In FY19, its priorities are driving productivity improvement, focusing on core therapeutic areas and big brands, and scaling up New Chemical Entity (NCE) launches done through the Amgen deal.
In the medium to long-term, management of the company wants to focus on ramping up of biosimilars through internal and partnered assets and building differentiated products in relevant therapies, accompanied by a further ramping up of the base business.
The management of the company expects 15-20 launches in FY19 and also expects emerging markets grew 16 percent YoY led by robust spurt in Russia and ROW.
Bajaj Auto | Rating: Buy | Target: Rs 2,746
The company has a diversified business model and a strong focus on the profitable growth, widening reach in export markets and strategic alliances with global majors.
The domestic 2-wheeler market would start growing from the festive season & would continue to grow for next couple of years. The management has assured that the company would see a very healthy top-line growth and a very healthy EBITDA increase in coming quarters.
FY 18-19 capex plan stands around Rs 250-300 crore. It would look to expand and strengthen the 150cc Pulsar segment in addition to pursuing new three-wheeler markets within India.
Its total current capacity is approximately about 6.6 million. 3-wheelers will be approximately about 7.2 lakh. The company expects 1.9 million export numbers for FY 19.
UPL | Rating: Buy | Target: Rs 714
The company has strong fundamentals and a robust outlook. Its strong focus on brand building and customer reach is helping the company in increasing its market share in major addressable markets.
Moreover, with the acquisition of Arysta LifeScience, the company will be one of the world's largest global crop protection companies, with an innovative and differentiated product portfolio.
The management has been focussing on technological enhancement and new product developments which would aid the further financial growth of the company. Moreover, the company believes new launches would bear fruit in the coming term.
The Indian Hotels Company | Rating: Buy | Target: Rs 136
The company plans to continue to grow through a judicious mixture of owned and leased hotels, a de-risked model along with its ability to attract management contracts.
Its command and long & successful track record in operating hotels for third-party owners would facilitate growth for the future.
Moreover, it has the ability to deliver improved returns on capital would be driven through product renovation, rigorous asset management, revenue maximization, cost control and reduced leverage and exit from non-core underperforming assets.
It has assigned a capex of Rs 3,000 crore for the next five years and hotel industry occupancy levels and average room rate (ARR) are showing upward trends due to a demand-supply gap.
PNB Housing Finance | Rating: Buy | LTP: Rs 1,359
The company has strong balance sheet and continue to register a strong double-digit growth in all of its business and financial sectors.
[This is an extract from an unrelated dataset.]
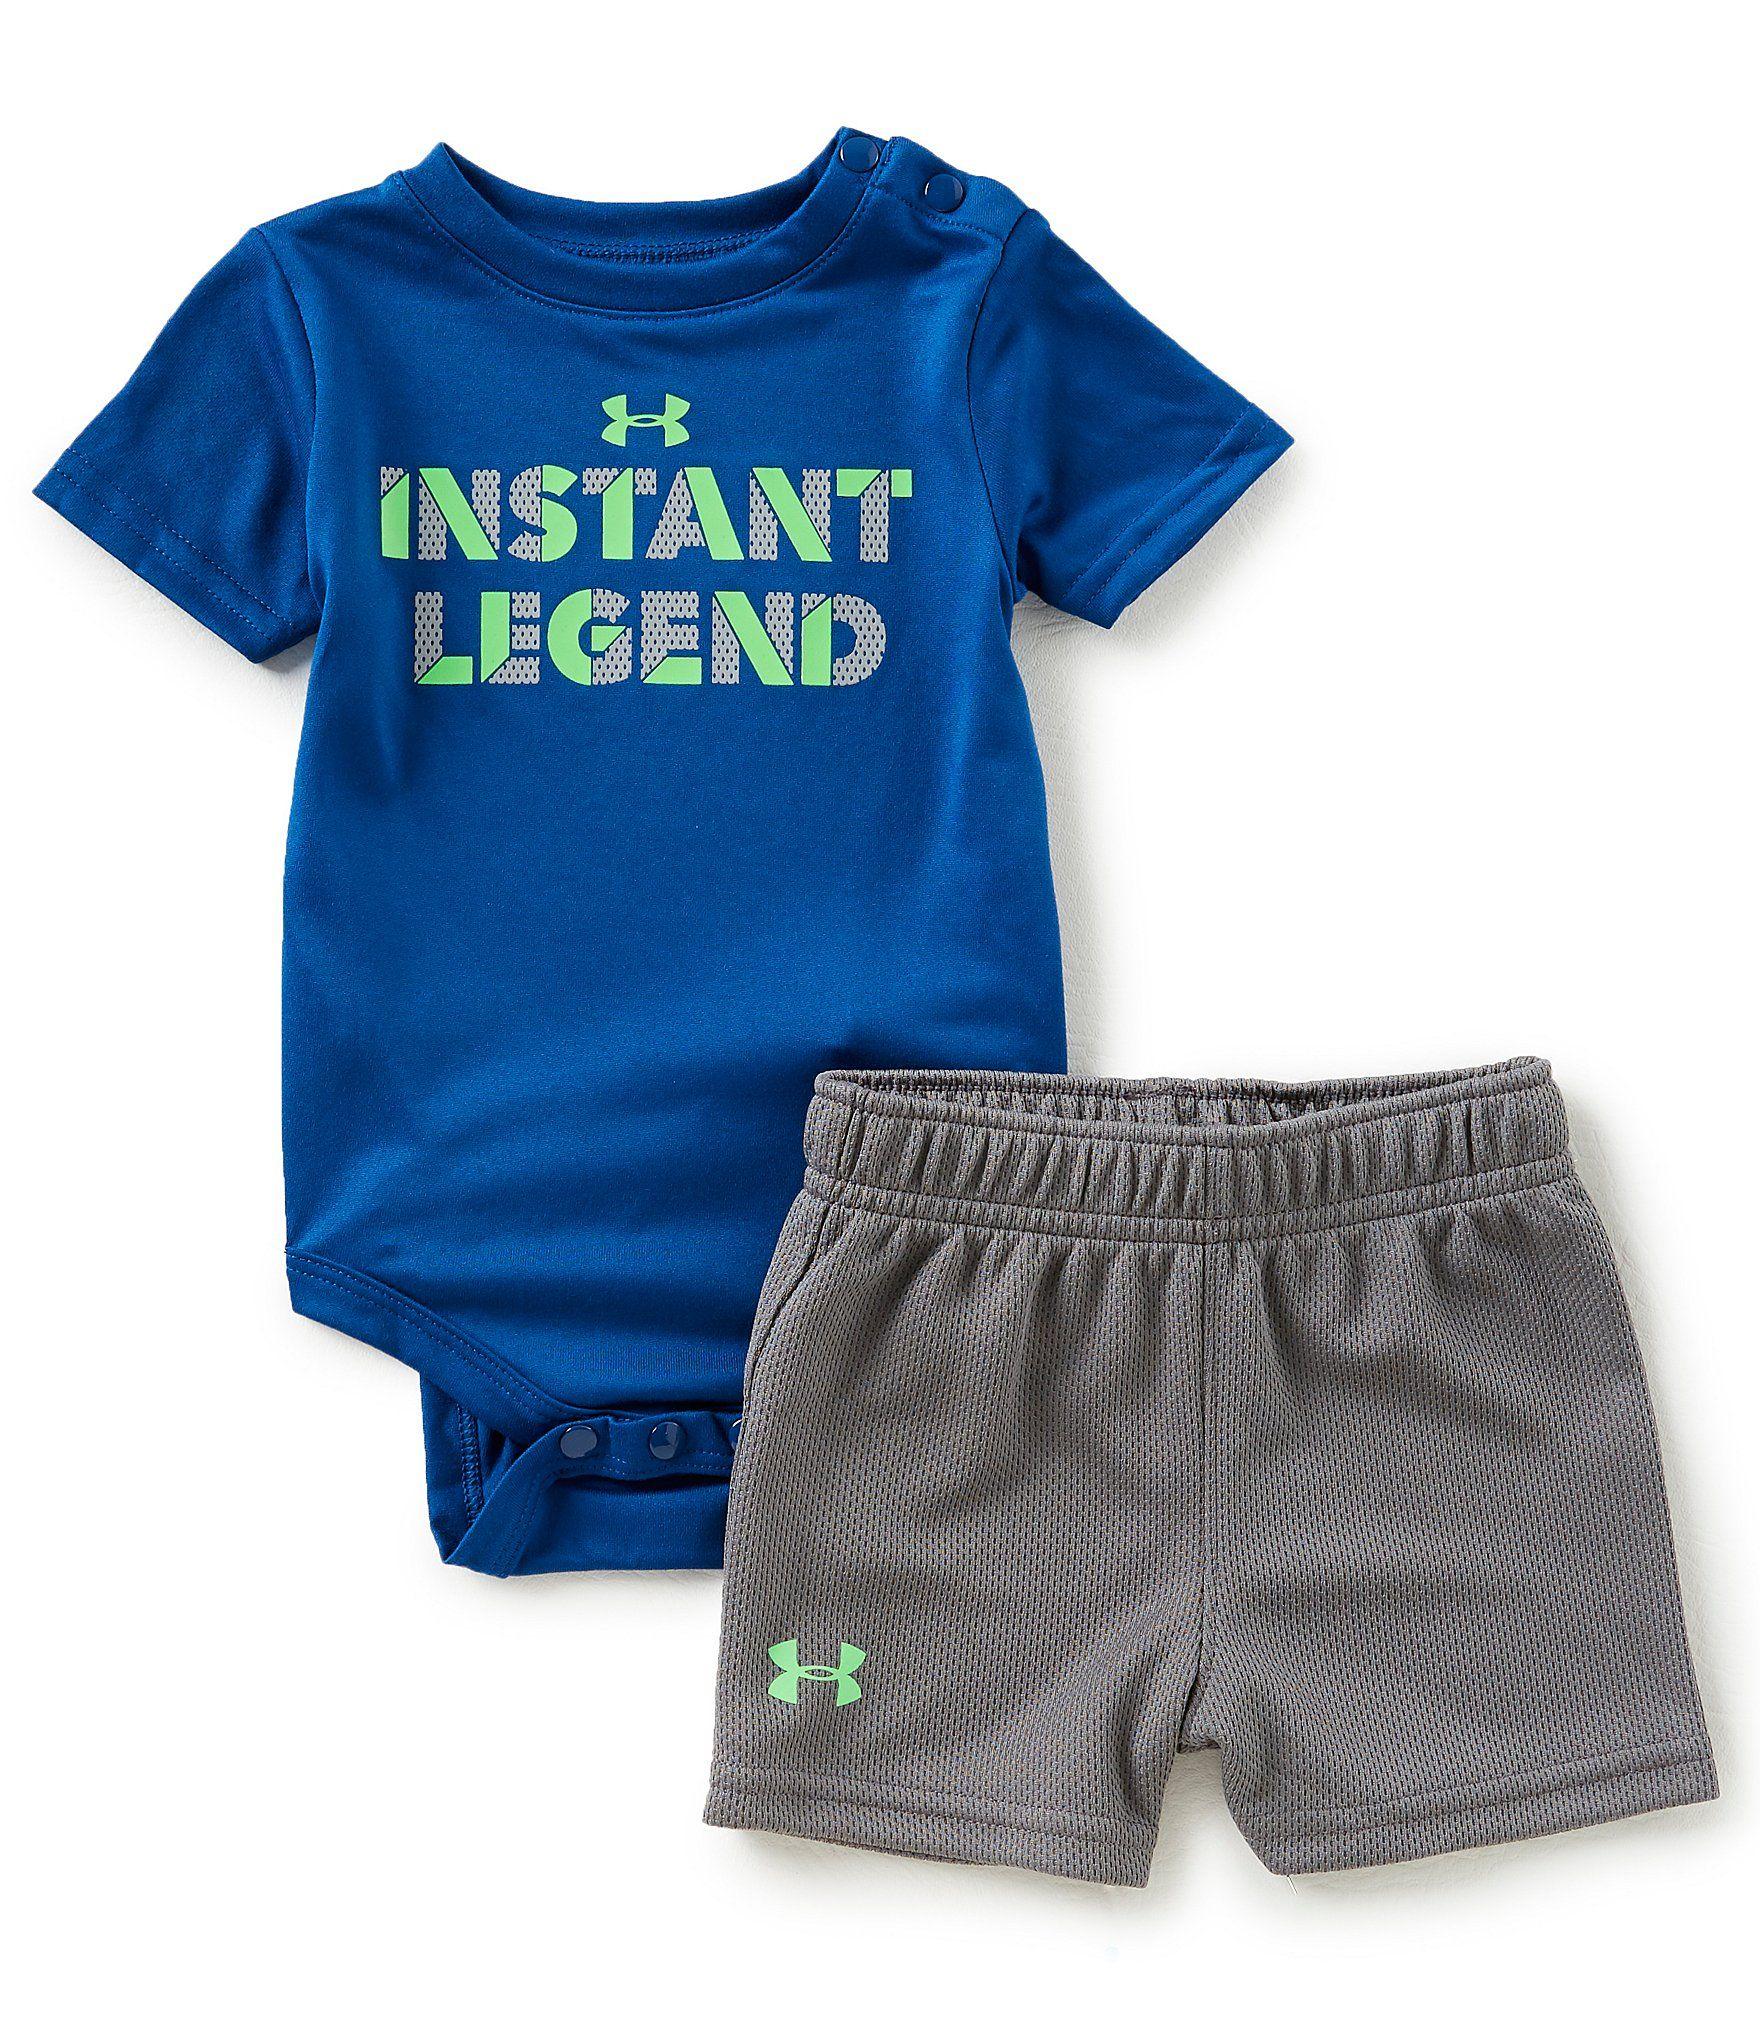 Shop For Under Armour Baby Boys Newborn 12 Months Short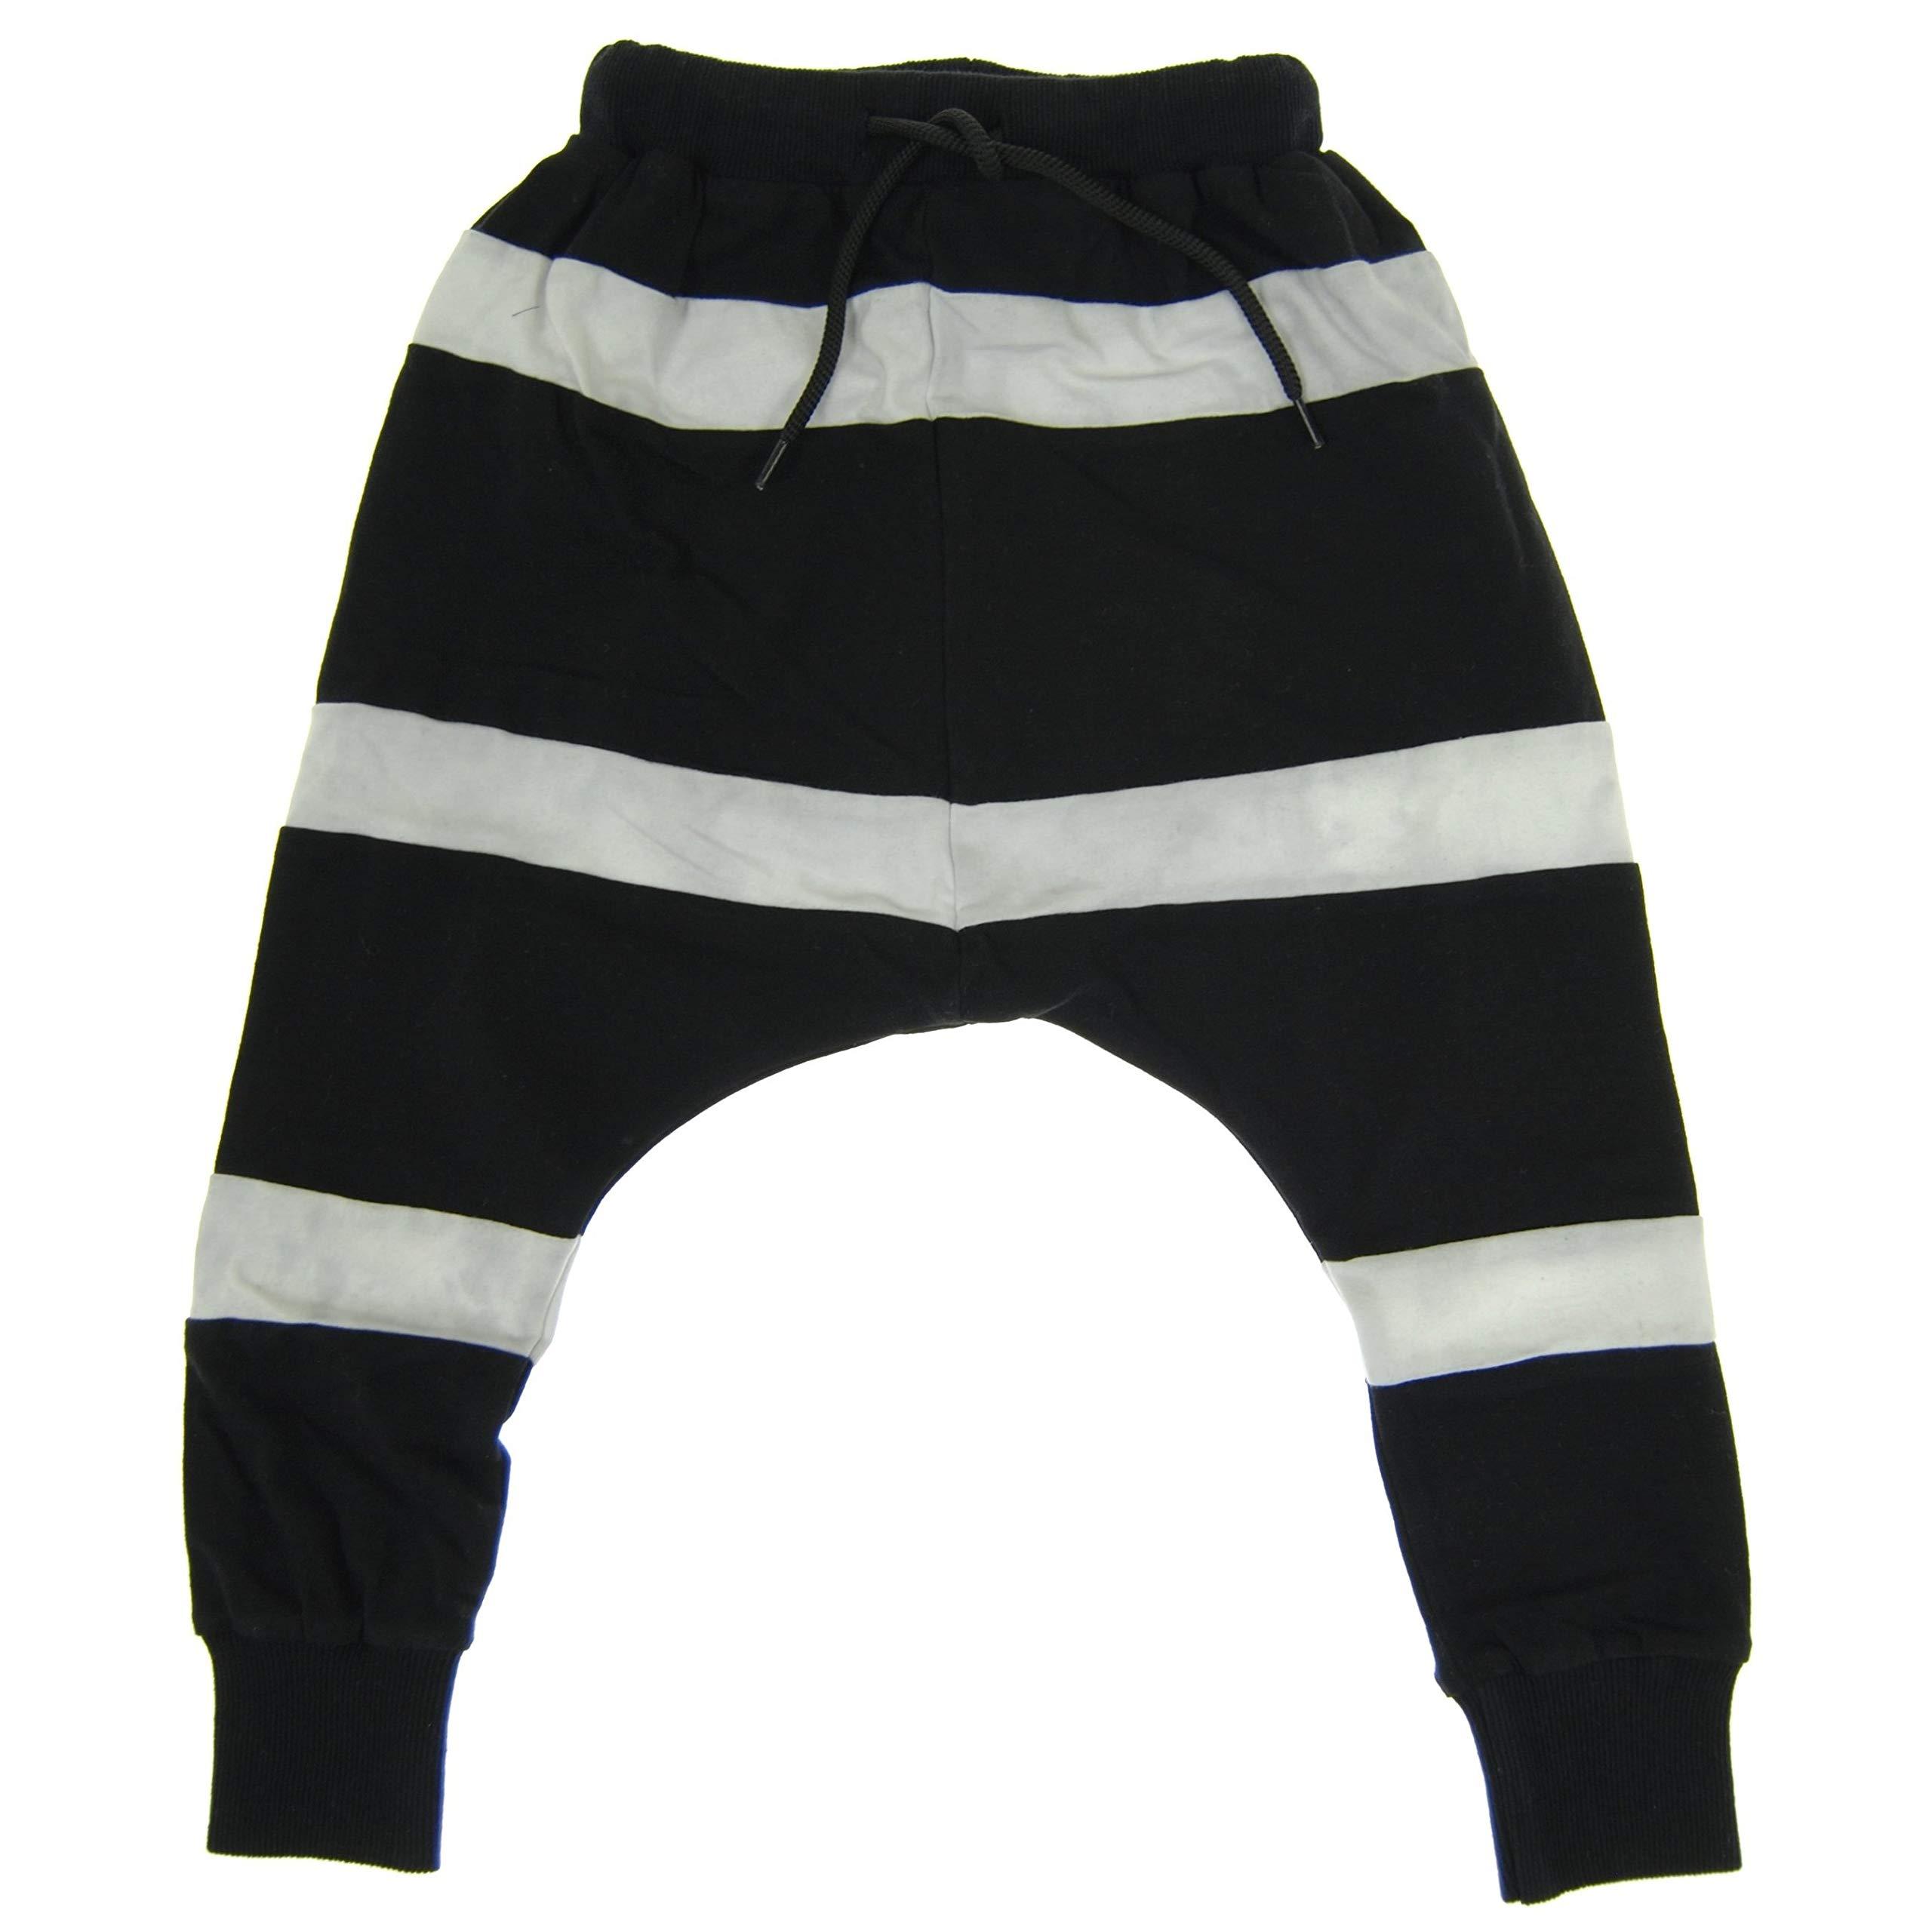 Mini Shatsu Black and White Striped Sweat Pants

Going forward, the company is likely to maintain the same on the back of healthy loan growth expectation and expansion in NIM.
It is also focusing on improving its assets quality, which would have a positive impact on the overall performance of the company. The AUM of the company surged 47 percent to Rs 68578 crore end June 2018 over June 2017.
The loan portfolio of the company increased 45 percent to Rs 63906 crore, while the loans sold outstanding increased 70 percent to Rs 4672 crore end June 2018 over June 2017. The disbursements increased 25 percent to Rs 9767 crore in the quarter ended June 2018.
Disclaimer: The views and investment tips expressed by investment experts on Moneycontrol are their own and not that of the website or its management. Moneycontrol advises users to check with certified experts before taking any investment decisions.